2 Healthcare Stocks Sending Up Buy Signals

PGNX and EXAS stocks could bounce after testing key moving averages

by Andrea Kramer

Published on Aug 21, 2018 at 2:03 PM

Healthcare stocks have been on a tear lately, and if recent history is any indicator, two could be flashing "buy" right now. Specifically, Progenics Pharmaceuticals, Inc. (NASDAQ:PGNX) and EXACT Sciences Corporation (NASDAQ:EXAS) stocks recently pulled back to key trendlines, which could mark an opportune entry point for short-term bulls.

PGNX Bounce Could Squeeze Shorts

Shares of cancer treatment concern Progenics touched an annual high of $9.41 on Aug. 6, but have since retreated to trade at $7.93. The stock is now within one standard deviation of its 160-day moving average, which has marked big buying opportunities in the past. Specifically, after the last four similar pullbacks, PGNX stock went on to rally an average of 10.33% in the subsequent month, per data from Schaeffer's Senior Quantitative Analyst Rocky White.

PGNX stock chart aug 21

Should Progenics stock once again bounce off this moving average, a short squeeze could add fuel to the fire. Short interest jumped more than 10% in the most recent reporting period, and now accounts for nearly 17.5% of PGNX's total available float. At the security's average pace of trading, it would take about seven sessions to buy back these bearish bets.

Traders looking to speculate on PGNX's short-term trajectory should consider options. The equity's Schaeffer's Volatility Index (SVI) of 57% is in the 8th percentile of its annual range, suggesting near-term options are pricing in relatively low volatility expectations right now.

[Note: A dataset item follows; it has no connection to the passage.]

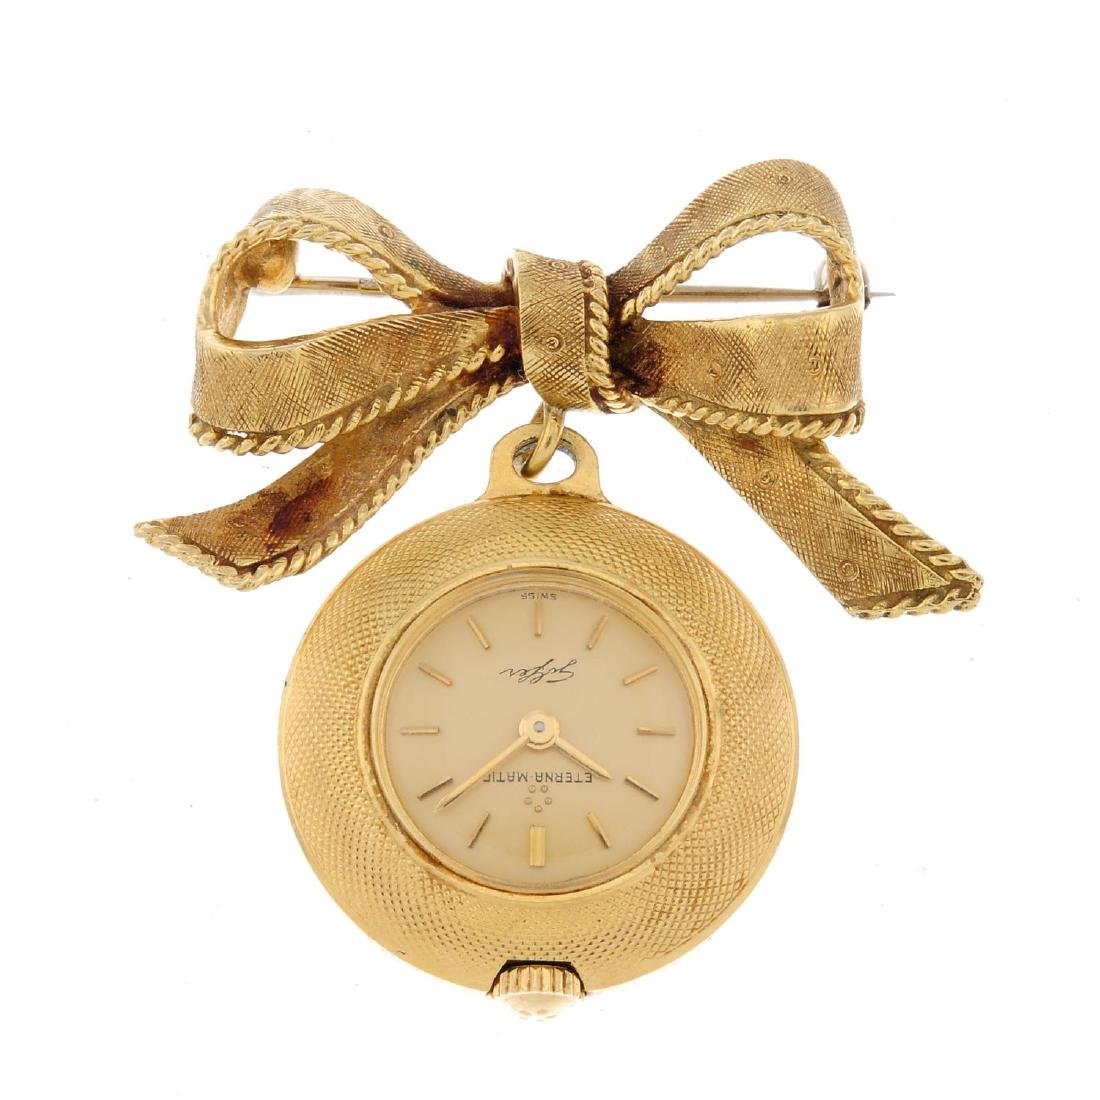 An open face pendent watch by Eterna. Yellow metal case

EXAS Options Attractive After Bear Gap

The shares of molecular diagnostics issue Exact Sciences gapped lower on Aug. 2, after the company's quarterly revenue fell short of estimates. Nevertheless, Canaccord Genuity analysts said that despite "confusion" during the earnings conference call, the stock's reaction was "overblown," and investors should "buy off the sharp sell-off."

EXAS, in fact, could be flashing "buy" after the dip. The stock is not only oversold, per Monday's 14-day Relative Strength Index (RSI) of 29, but it's back within one standard deviation of its 320-day moving average, after a notable stint north of the trendline. After the two prior signals of this kind, the security was higher one month later both times, boasting a massive average gain of 28.92%, per White. A similar jump from the stock's current perch at $50.07 would place Exact Sciences shares around $64.50.

EXAS stock chart aug 21

As with Progenics, should EXAS once again skyrocket off trendline support, shorts could hit the bricks. Short interest represents more than 9% of the stock's total available float, or about seven sessions' worth of pent-up buying demand, at the equity's average trading volume.

Plus, EXAS' SVI of 39% is in the 7th percentile of its annual range, pointing to attractively priced short-term options, from a historical volatility standpoint. What's more, EXAS sports a Schaeffer's Volatility Scorecard (SVS) of 85, suggesting the equity has made bigger-than-expected moves on the charts in the past year, relative to what the options market priced in -- a boon for would-be premium buyers.